Treatment Name Treatment Purpose Cost Convenience Availability of Scientific literature in support of treatment Potential Benefit of Treatment Potential Harm / Risk of treatment Western Medicine Thoughts on Treatment Decision
TENS Unit Alleviate muscle spasms in neck Minimal Very Convenient Moderate amount of studies available; conclusions unclear Low:  Short-term improvement of spasms Miniscule: no known injuries from treatment Accepted with caveats YES
Neti Pot Alleviate sinusitis symptoms Minimal Convenient Limited Moderate improvement Minimal: use distilled water and sterilized equipment Accepted with caveats YES
Humira Reduce systemic autoimmune flare frequency High Moderate: painful shots, shipping is difficult Abundant Potential for vast reduction of systemic symptoms; won’t reduce symptoms from already existing joint damage High: known to cause cancer, severe infections, etc… Accepted YES- trial basis
Gluten-free Reduce autoimmune symptoms High Very inconvenient- particularly with my work travel Minimal for my condition; non-existent for peer-reviewed, published studies Moderate: won’t reduce symptoms from already existing joint damage; may reduce additional inflammation of joints High: nutritional deficiencies are likely (I am already anemic and am treated for other mineral deficiencies) Not accepted NO- limited tests I’ve already tried don’t indicate this will work

As you may see from my unscientific (lol) chart, I am accepting of treatments that traditionally fall in the realm of naturopathic medicine- provided that there is enough literature (even if it isn’t peer-reviewed double-blind studies, which are typically required in medicine), and the potential harm/benefit matches the convenience/cost.

One other thing I will add is that my final litmus test for anything that involves putting my life at risk is this: if you had a medical emergency, who do you call? In the US, at least, you generally will call a western doctor or go to a western hospital.
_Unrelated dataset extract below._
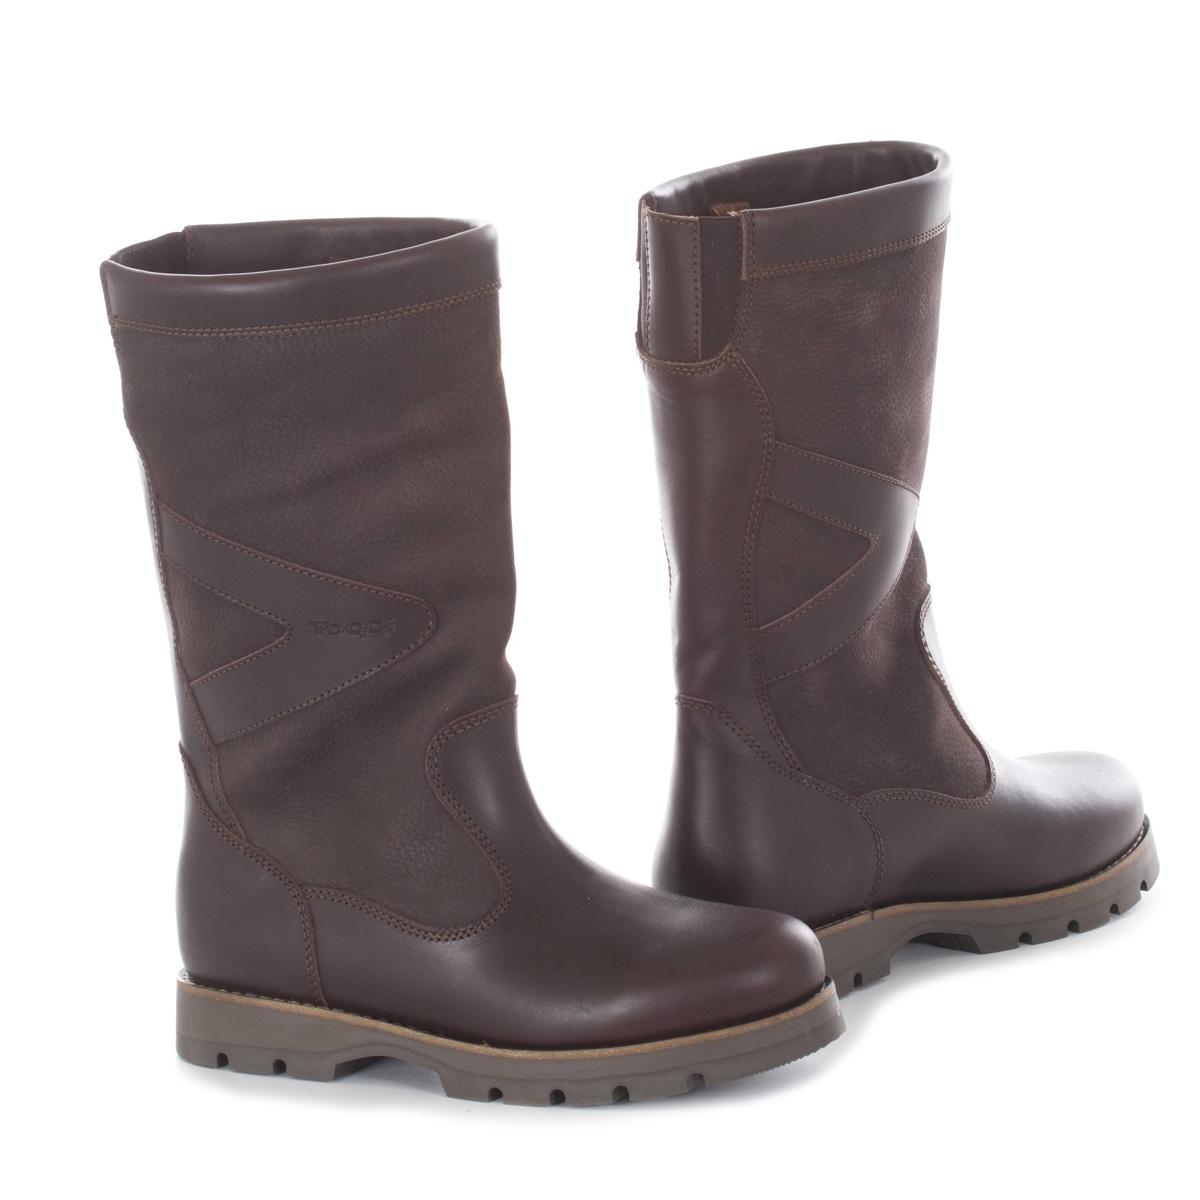 toggi boots image of toggi caledon waterproof country boots (unisex) - bitter chocolate futjjsz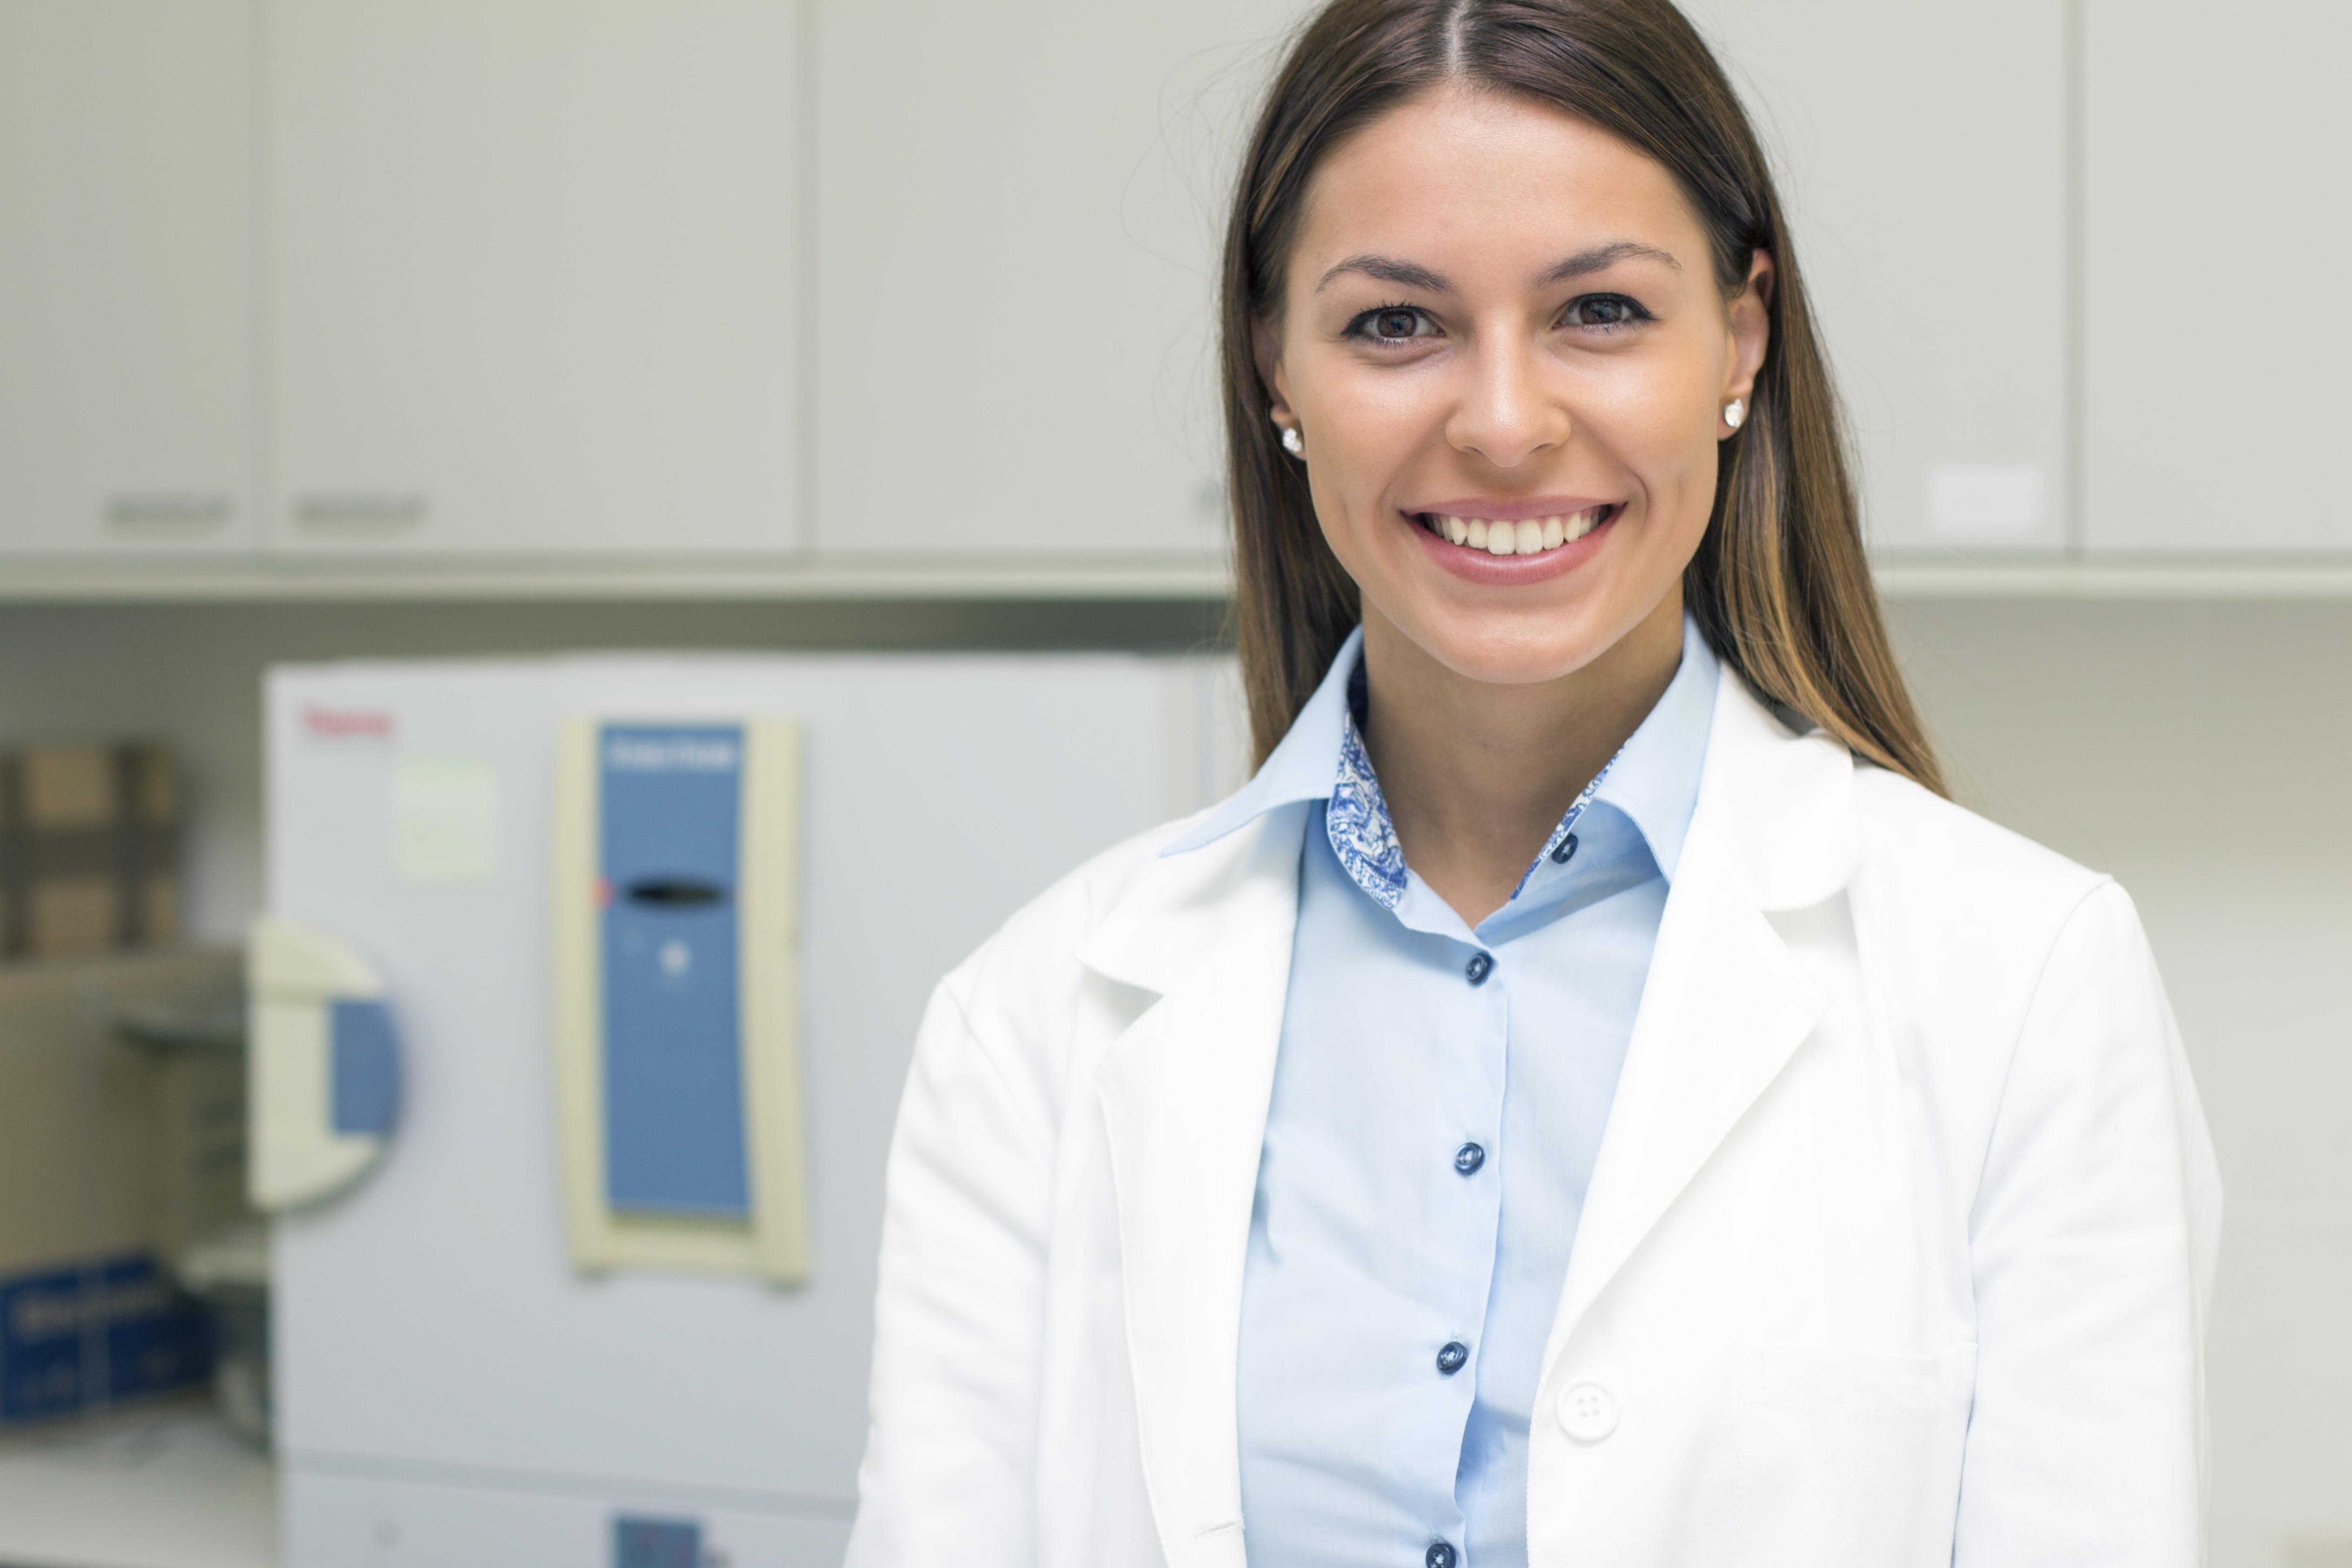 scientist-female-smiling-whitecoat-lab-equipment.jpg

When I had my arterial dissection and stokes, and needed surgery, no one was like: hey you know what, you should really see a naturopath first, before that surgery! It was an emergency, and I needed brain surgery. We put our trust in surgeons who operated with the best available scientific information (information gleaned by studies that use sound scientific methods). It wasn’t perfect, and certainly there were challenges with the doctors, but I was far more comfortable with people who at least tried to use treatments advised by knowledge gained from peer-reviewed literature. I am always skeptical of people and systems, but I am more trusting of a system/method that freely will admit when it’s wrong, and will look for and seek out errors; one that wants to find evidence in support of its assertions (not prove “truths”): the scientific method.

Finally- there seems to be a lot of cognitive dissonance in folks around science. In one conversation I may hear friends bemoan climate-change deniers, taking them to task for ignoring science and denying the efficacy of scientific methods; then these same people are willing to throw science out the window when it comes to things like vaccines, GMOs, and medicine. It’s just… weird. It’s illogical and hypocritical, and I don’t like it.

In conclusion, if you want to talk to a sick person about being gluten free, my advice would be to approach it something like this (if you must approach the topic at all, and actually – please just don’t if your advice is unsolicited): there are some studies that, while not peer reviewed or double-blind supported,  indicate that gluten free diets in non-gluten sensitive people MAY reduce some symptoms of inflammation associated with some autoimmune conditions. Do NOT use the word “cure” and do not assume that you know anything about whatever condition the person has, and what treatments they may have tried, unless they have explicitly told you these things.

One Comment on “Traditional Medicine, Scientific Method, and Healthy Skepticism

  1. I empathize with what you’re saying and have my own skepticism about the gluten-free movement. There is so much information out there these days…about everything…and I think it’s easy to get caught up in it all.